Thanks for the designs. However, these look more complicated than what the other diagram I posted looked like. Is what I posted earlier the "open collector," option? Is there a reason to use the MOSFET or Bipolar designs over this one?
Your other diagram is not equivalent and not useful for this situation. As you can see this is to define the inactive potential of a switch to a digital input. If the switch is open, a (minimal) current path is provided to pull the digital input up and make it a defined voltage. Many digital inputs when left open, will float somewhere around half of the supply voltage, which is in an area where they are not defined to operate with a defined logic level. That can make them oscillate and that will not only create a random digital signal to the rest of the circuit but will often also result in high currents in the input stage of the digital input that can even destroy the circuit (although most digital circuits are protected nowadays against that but the potential random oscillating signal is bad enough).

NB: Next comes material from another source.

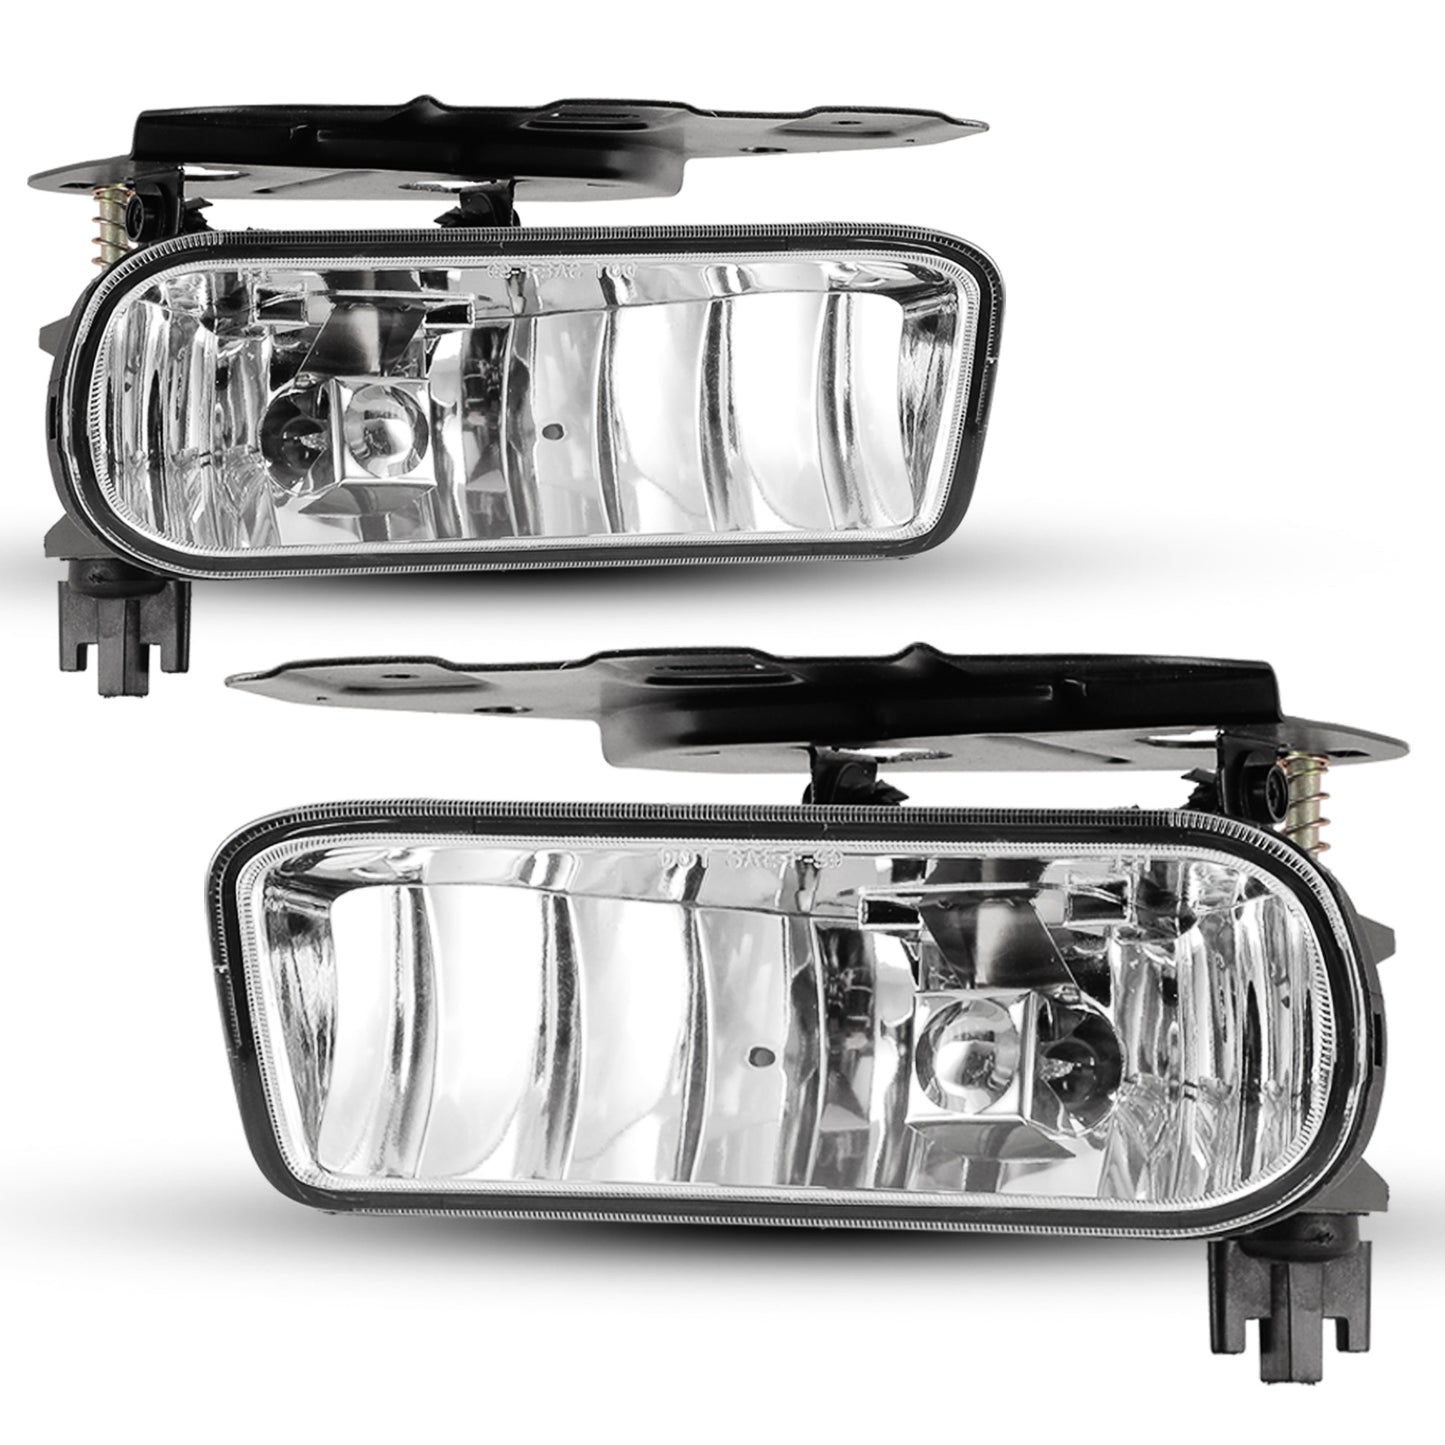 Luces antiniebla de repuesto para Cadillac Escalade 2002-2006, transparentes

A pull-up on a digital OUTPUT to drive a load is useless. You would have to use a pull-up that has the same impedance as your load and this will result that your load only sees half of the supply voltage, and hence operate likely in a bad operating range. And to switch of the load you would switch on the digital output which now has to pull all the current from the pull-up resistor. This means:
state your load pull-up resistor
digital output off operates at half Vsupply also half Vsupply and dissipates the same amount of power as your load
digital output on switched off full VSupply over it and dissipates 4 times the power the load had.
So you have following very bad disadvantages:
- When your load is switched off you dissipate 4 times as much energy in the pull-up resistor as you need to operate your load
- When your load is switched on your pull-up resistor still needs to dissipate the same amount of energy as your load
- This will most likely mean that you need a VERY heavy resistor depending on the load you try to control.

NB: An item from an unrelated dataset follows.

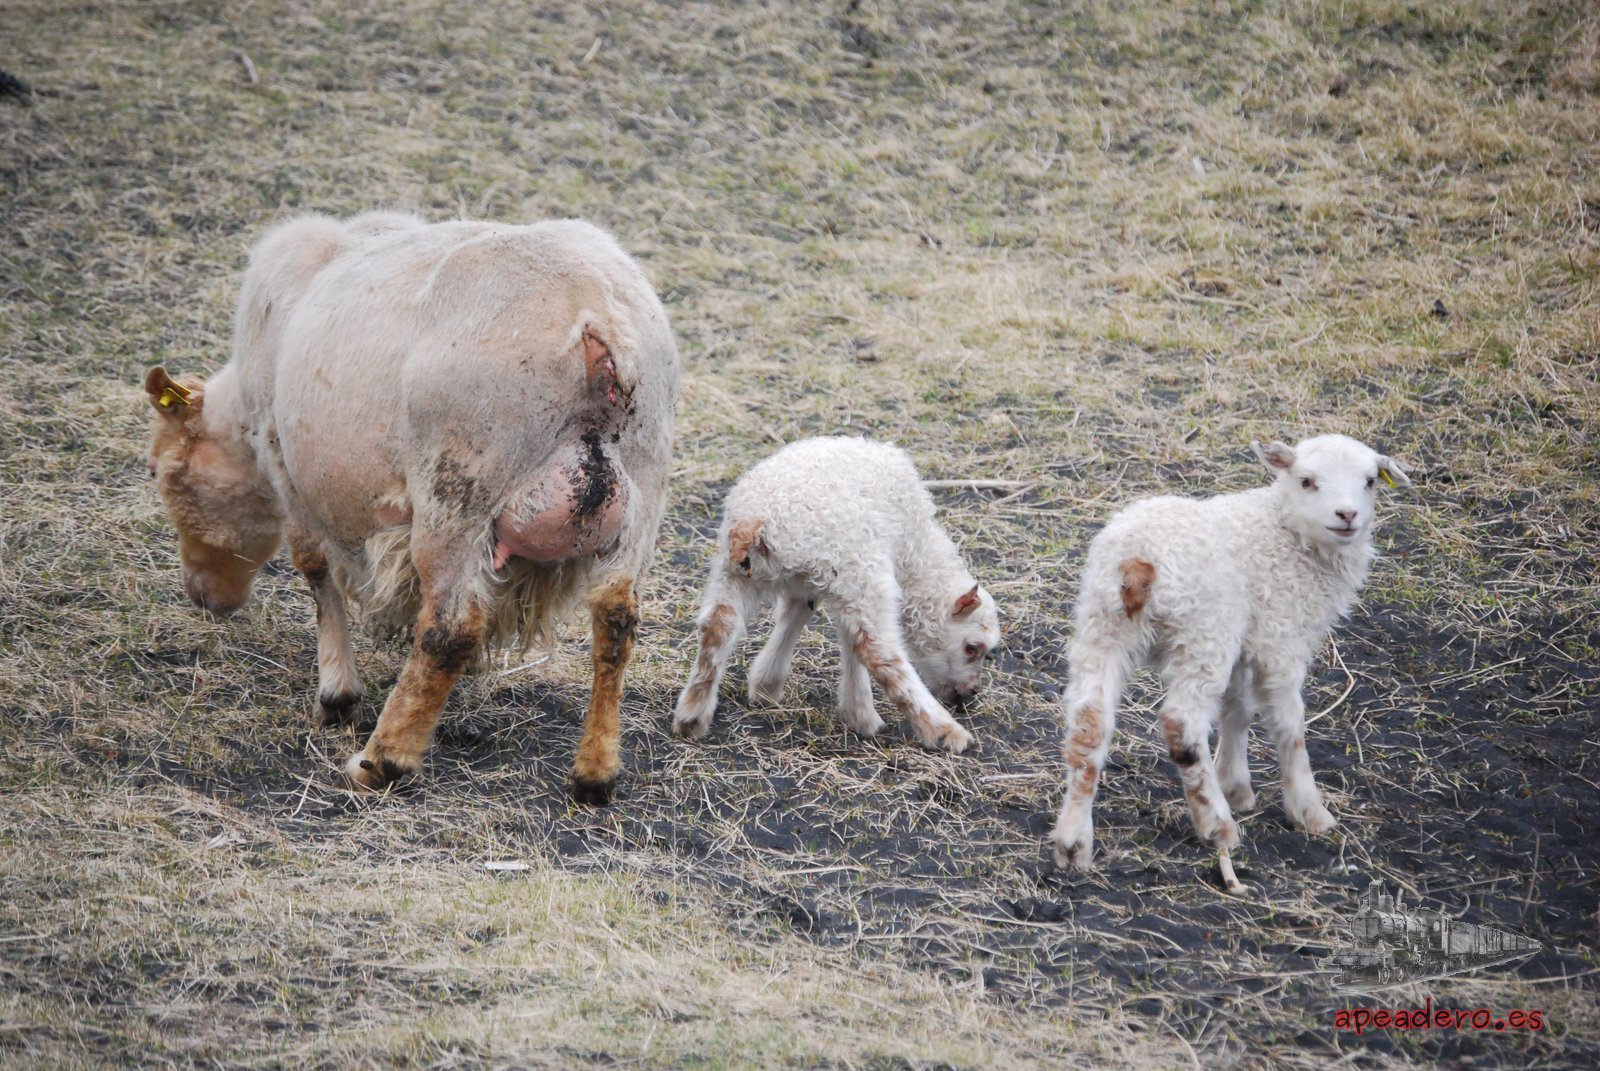 En Vik, quienes no viven del turismo viven de sus granjas. Encontramos a esta pareja de ovejas jóvenes junto a su madre.

- The current your digital switch will need to pull is double the current your load needs to operate
- In order to operate your load at its nominal voltage you need double the voltage supply which only makes the power dissipation even worse.
- You could reduce that doubling of the voltage supply by choosing a smaller pull-up resistor than what your load is but that will only make the ratio between the power dissipated in the pull-up resistor when your load is switched off to when it is switched on even worse.
Basically a passive logic level inverter through a pull-up resistor is a perfect heater!!!!!!!
So i have a few questions:
- What sort of load is it? What are the specs? Voltage = 24V, Current = ???, Minimum operating voltage?
- Why does this load have to be driven by a sinking output? What makes it need to have its other pole connected to Vsupply?